A typical example of the logical fallacy of an appeal to authority (meaning an authority in something other than what is being discussed). Einstein is no expert on "simplicity" or even "scientific theories" even if he has made one or more. Einstein also said "God doesn't play dice with the universe" which turned out to be...wrong. Einstein also believed in God, which we can assume he learned while sitting on his grandmother's lap. How much else of what he has to offer us is of this folksy homespun quality? In other words, unless Einstein is speaking to his own particular field of physics, and even then assuming it hasn't been superseded or contradicted by later discoveries in that area, there is no real reason to listen to Einstein about anything any more than say you High School Gym teacher or the local dog catcher. The cult of Einstein is to lead us to believe that every word that dropped from his lips was pure gold. Alas, it wasn't. -- Mike
--
A scientific theory should be as simple as possible, but no simpler. -- Albert Einstein
Mike, with which part of this statement do you not agree? Are you arguing in favor of complexity for the sake of complexity?
--
Unless one has a personal, intimate relationship with God which can be wholly shared with anyone at any time, no human is an authority on whether God (be it a he, she, or it) plays dice with the universe or not. Einstein's statement to that effect can't be conclusively declared wrong, it's simply one of countless suppositions humans make every day which will likely be left waiting until the end of time for an answer. God is the ultimate garbage collector; it may be out there, it may not, but we won't know for sure until we actually see it in action. Further, even though Einstein's statement isn't pure gold, it at least may discourage some passerby now or in future from having the same thought and rehashing the same in some forum or chat or hologram or other as yet unknown communication medium for everyone else to roll their eyes about.
-- reply to "Unless one has a personal, intimate relationship with God...": You're way over-analyzing this. Einstein's "Dice" statment was purely and simply a statement of disbelief in the correctness of quantum theory. Nothing more.
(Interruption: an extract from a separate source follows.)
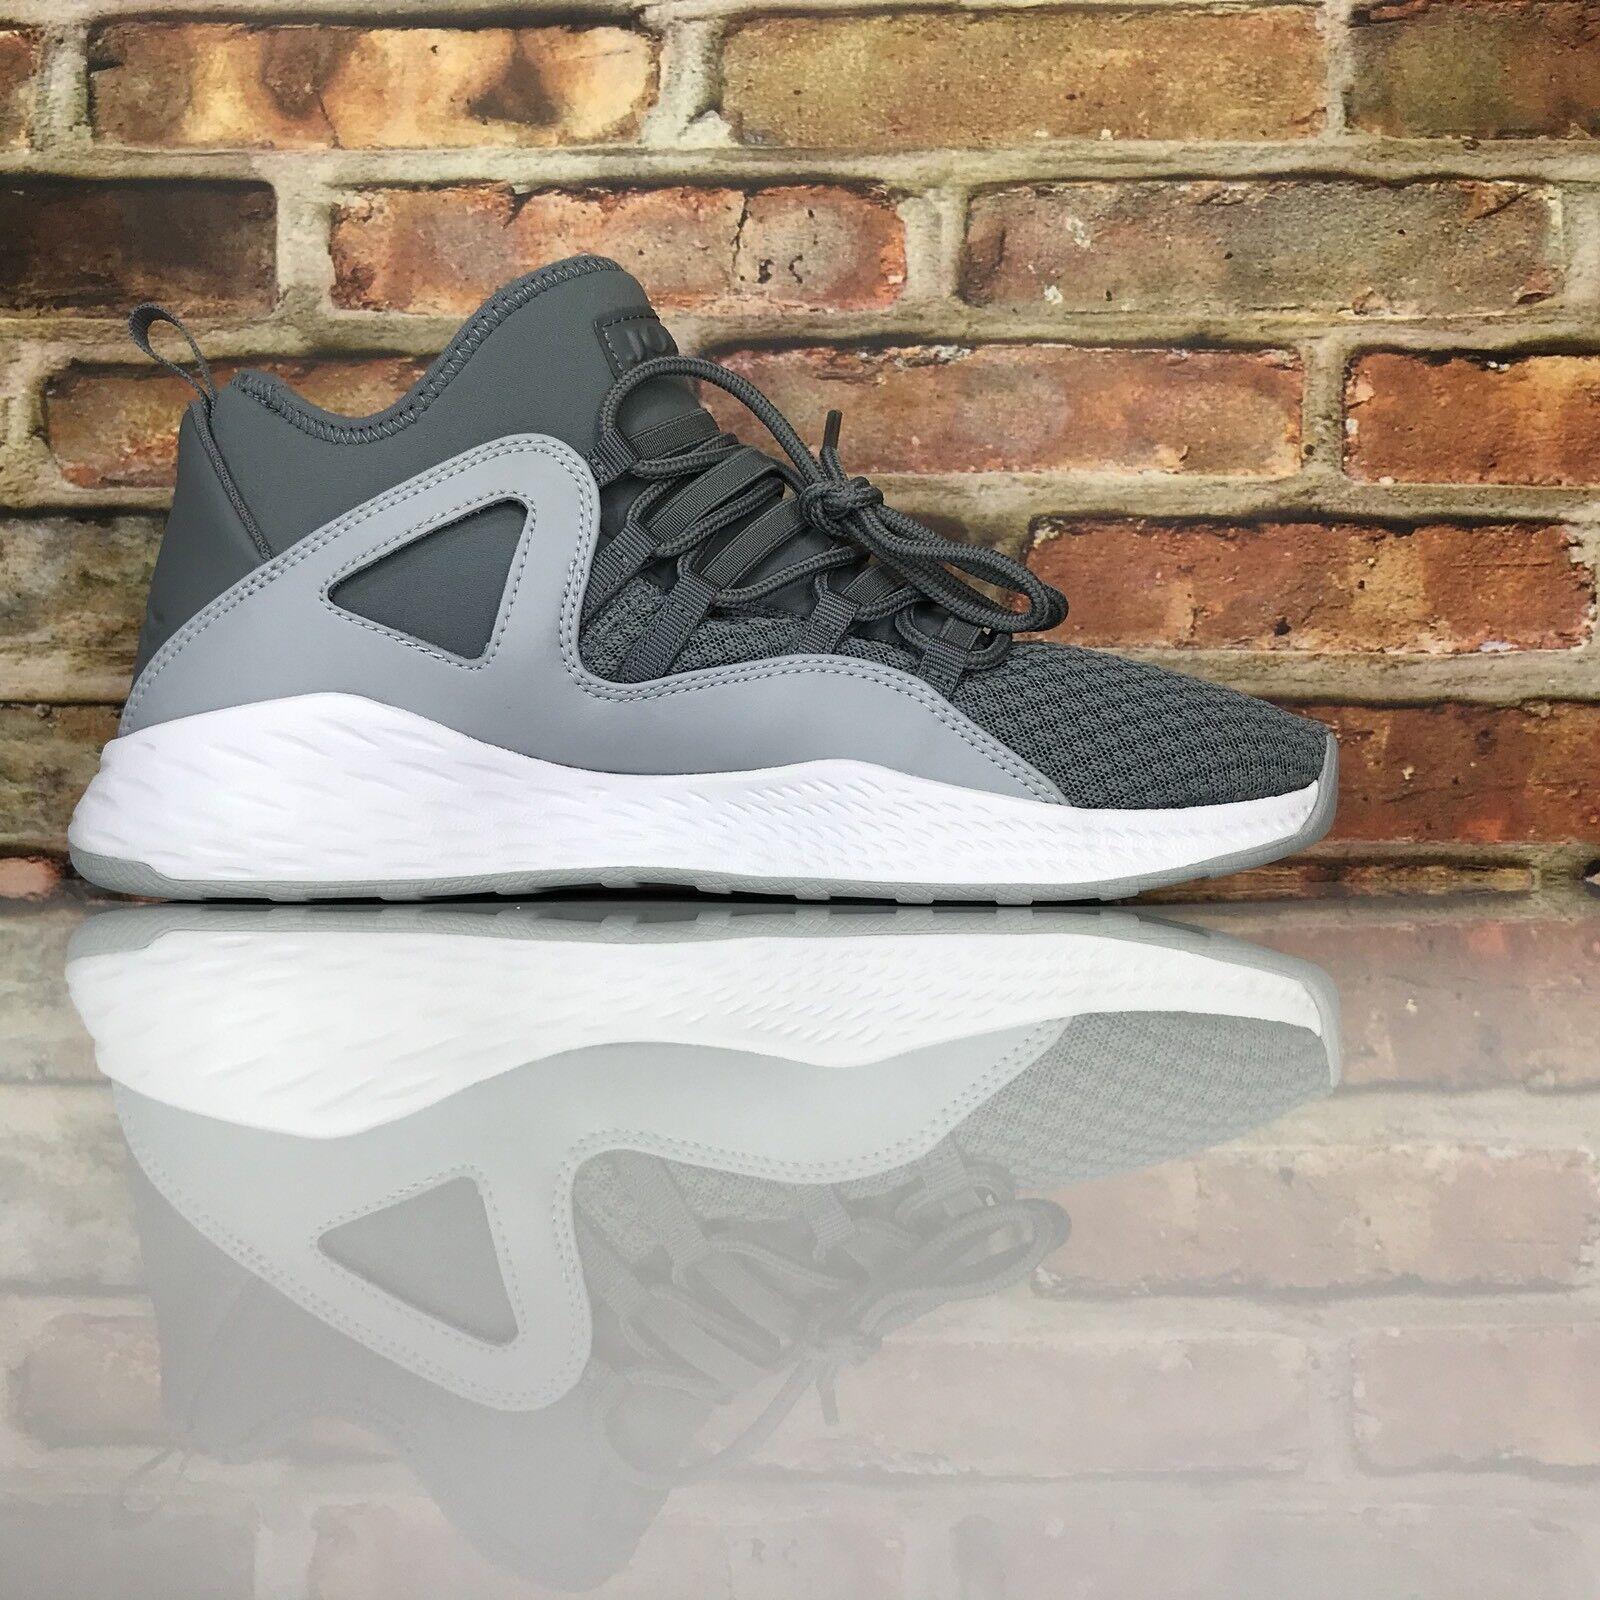 Jordan Formula 23 Mens Sz 9.5 Basketball shoes Fashion Style Sneaker Lightweight

Since quantum theory has since been proven to be true (or at least as close to it as is possible for a scientific theory) that is why people now say that Einstein was wrong when he said "God does not play dice".
"Since quantum theory has since been proven to be true (or at least as close to it as is possible for a scientific theory)"
In other words....not "proven true" at all.
I agree with Einstein.
Keep in mind that Einstein's theories are a kind of complex, relativistic wrapper over Newton's observations. So it's a kind of self-promotion in a way.
Simple Theory: Gravity Attracts
Some observations
This is as simple as a sentence can be: Noun Verb
No.
It illustrates simplicity, but not completeness
It illustrates that when a model is expressed in its simplest form, it leaves out details of relationships and interactions.
It lacks context, preciseness and quantification.
It also illustrates that theories consists, not just of names and statements, but also of a need for progress in forwarding explanations that seem never to reach a state of completeness.
Short sentences like this lend themselves to Visual Thinkers.
A kid with a magnifying glass intuitively understands the meaning: the estimated focal length of the lens being the theory, too close in or too far away both give rise to fuzzy representations that aren't too bright.